We create a class to contain all the hyperparams.

Since all the code in the previous steps is wrapped in functions and parameterized, it allows us to easily tune parameters in these steps, without having to re-run the whole notebook.

In [179]:
class Params():
    
    def __init__(self, 
        optimizer: torch.optim.Optimizer,
        device: torch.device, 
        loss_function, 
        num_epochs: int,
        early_stopping_patience: int, 
        batch_size: int,
        max_document_length: int,
        cut_off_threshold: float,
        tokenizer: LemmaTokenizer,
        learning_rate: float,
        weight_decay: float = 1e-6,
        hidden_dim: int = 128,
        num_layers: int = 2,
        dropout: float = 0.2,
        freeze_weights: bool = False,
        random_embedding: bool = False,
        bidirectional: bool = False,
        n_heads: int = 8,
        ):

        self.optimizer = optimizer
        self.device = device
        self.loss_function = loss_function
        self.num_epochs = num_epochs
        self.early_stopping_patience = early_stopping_patience
        self.batch_size = batch_size
        self.max_document_length = max_document_length
        self.cut_off_threshold = cut_off_threshold
        self.tokenizer = tokenizer
        self.learning_rate = learning_rate
        self.weight_decay = weight_decay
        self.hidden_dim = hidden_dim
        self.num_layers = num_layers
        self.dropout = dropout
        self.freeze_weights = freeze_weights
        self.random_embedding = random_embedding
        self.bidirectional = bidirectional
        self.n_heads = n_heads

#### Input processing

In [135]:
cached_params = {}

def process_input(params: Params):
    # get the dictionary
    using_cache = False
    if cached_params.get('cut_off_threshold') is None or cached_params.get('cut_off_threshold') != params.cut_off_threshold:
        _, token_dictionary = get_dictionary(params.cut_off_threshold)
    else:
        print('Using cached dictionary')
        using_cache = True
        token_dictionary = cached_params.get('token_dictionary')
    print(f"Number of tokens, with cut-off {params.cut_off_threshold}: {len(token_dictionary)}")

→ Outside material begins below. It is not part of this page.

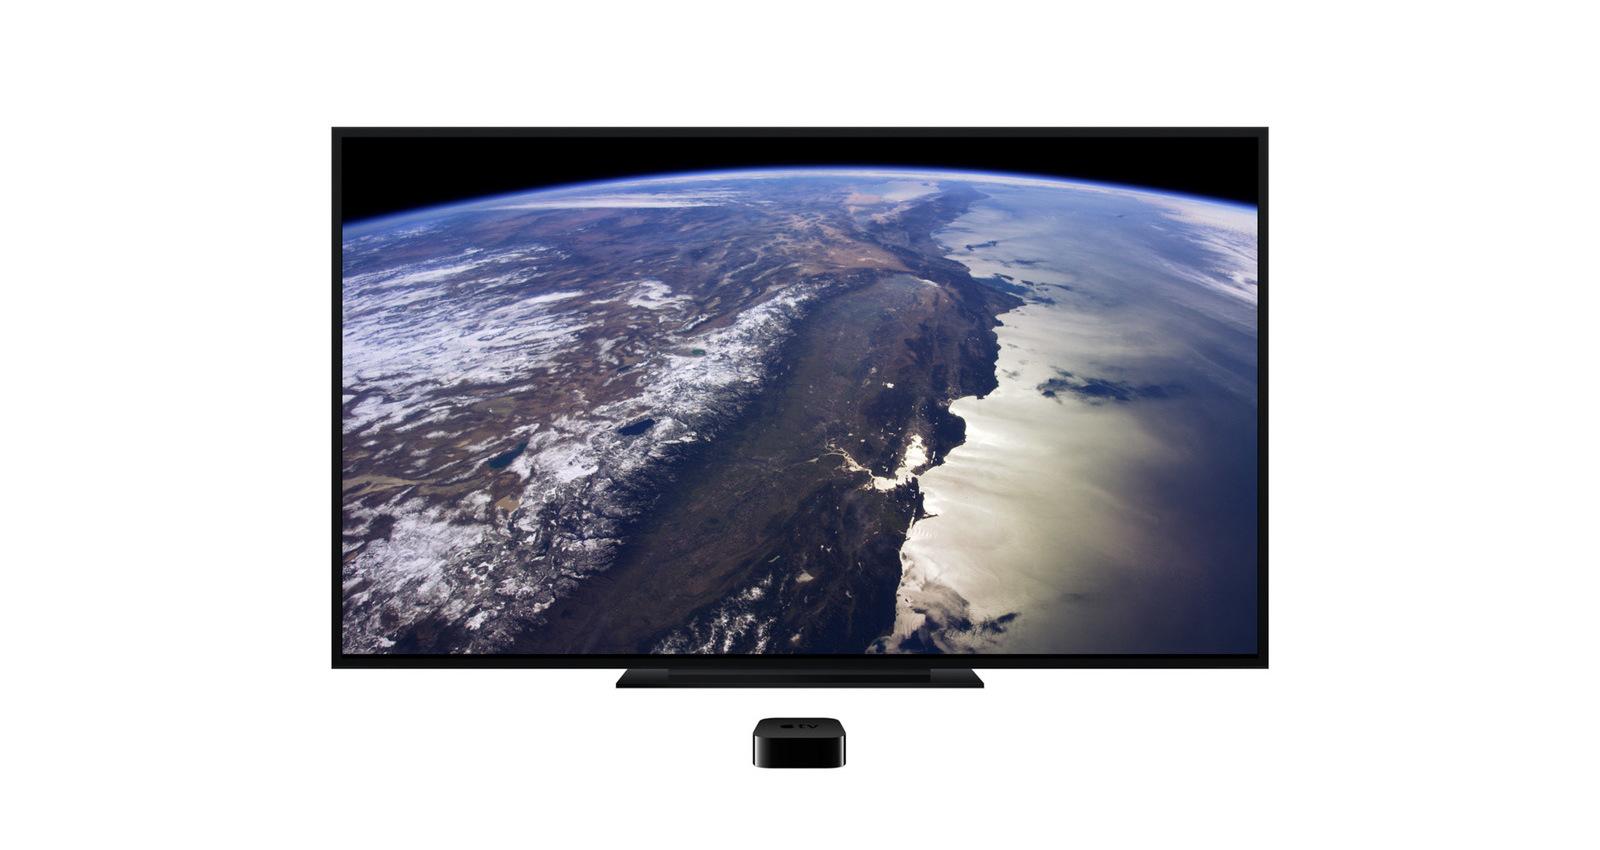 Apple TV Aerials

    # get the embedding (not really cacheable, since it's being changed in the training process)
    word_embedding, dictionary_keys = get_embedding(token_dictionary)
    print('word_embedding shape: {}'.format(word_embedding.weight.shape))

    # get the data
    if cached_params.get('batch_size') != params.batch_size \
        or cached_params.get('max_document_length') != params.max_document_length \
            or cached_params.get('dictionary_keys') != dictionary_keys \
                or using_cache == False:
        train_dataloader, validation_dataloader, test_dataloader = get_dataloaders(params.batch_size, params.max_document_length, params.tokenizer, dictionary_keys)
    else:
        print('Using cached dataloaders')
        train_dataloader = cached_params.get('train_dataloader')
        validation_dataloader = cached_params.get('validation_dataloader')
        test_dataloader = cached_params.get('test_dataloader')
    
    # set cached values
    cached_params['cut_off_threshold'] = params.cut_off_threshold
    cached_params['token_dictionary'] = token_dictionary
    cached_params['dictionary_keys'] = dictionary_keys
    cached_params['batch_size'] = params.batch_size
    cached_params['max_document_length'] = params.max_document_length
    cached_params['train_dataloader'] = train_dataloader
    cached_params['validation_dataloader'] = validation_dataloader
    cached_params['test_dataloader'] = test_dataloader
    

    return (train_dataloader, validation_dataloader, test_dataloader, word_embedding)

#### Train and test loop

In [136]:
def train_model(model:torch.nn.Module, dataloader: DataLoader, params: Params):
    model.train()
    train_losses = []
    train_accuracies = []
    for x, y in dataloader:
        params.optimizer.zero_grad()

        x = x.to(params.device)
        y = y.to(params.device)
        
        y_hat = model.forward(x, device=params.device)
        y_hat_idx = torch.argmax(y_hat, axis=1)
        accuracy = (torch.sum(y_hat_idx == y)/len(y))

        # calculate loss 
        loss = params.loss_function(y_hat, y)
        loss.backward()
        params.optimizer.step()

        train_losses.append(loss.item())
        train_accuracies.append(accuracy.item())
    
    return train_losses, train_accuracies

def eval_model(model:torch.nn.Module, dataloader: DataLoader, params: Params):
    model.eval()
    eval_losses = []
    eval_accuracies = []

    with torch.no_grad():
        for x, y in dataloader:
            x = x.to(params.device)
            y = y.to(params.device)
            
            y_hat = model.forward(x, device=params.device)
            y_hat_idx = torch.argmax(y_hat, axis=1)
            accuracy = (torch.sum(y_hat_idx == y)/len(y))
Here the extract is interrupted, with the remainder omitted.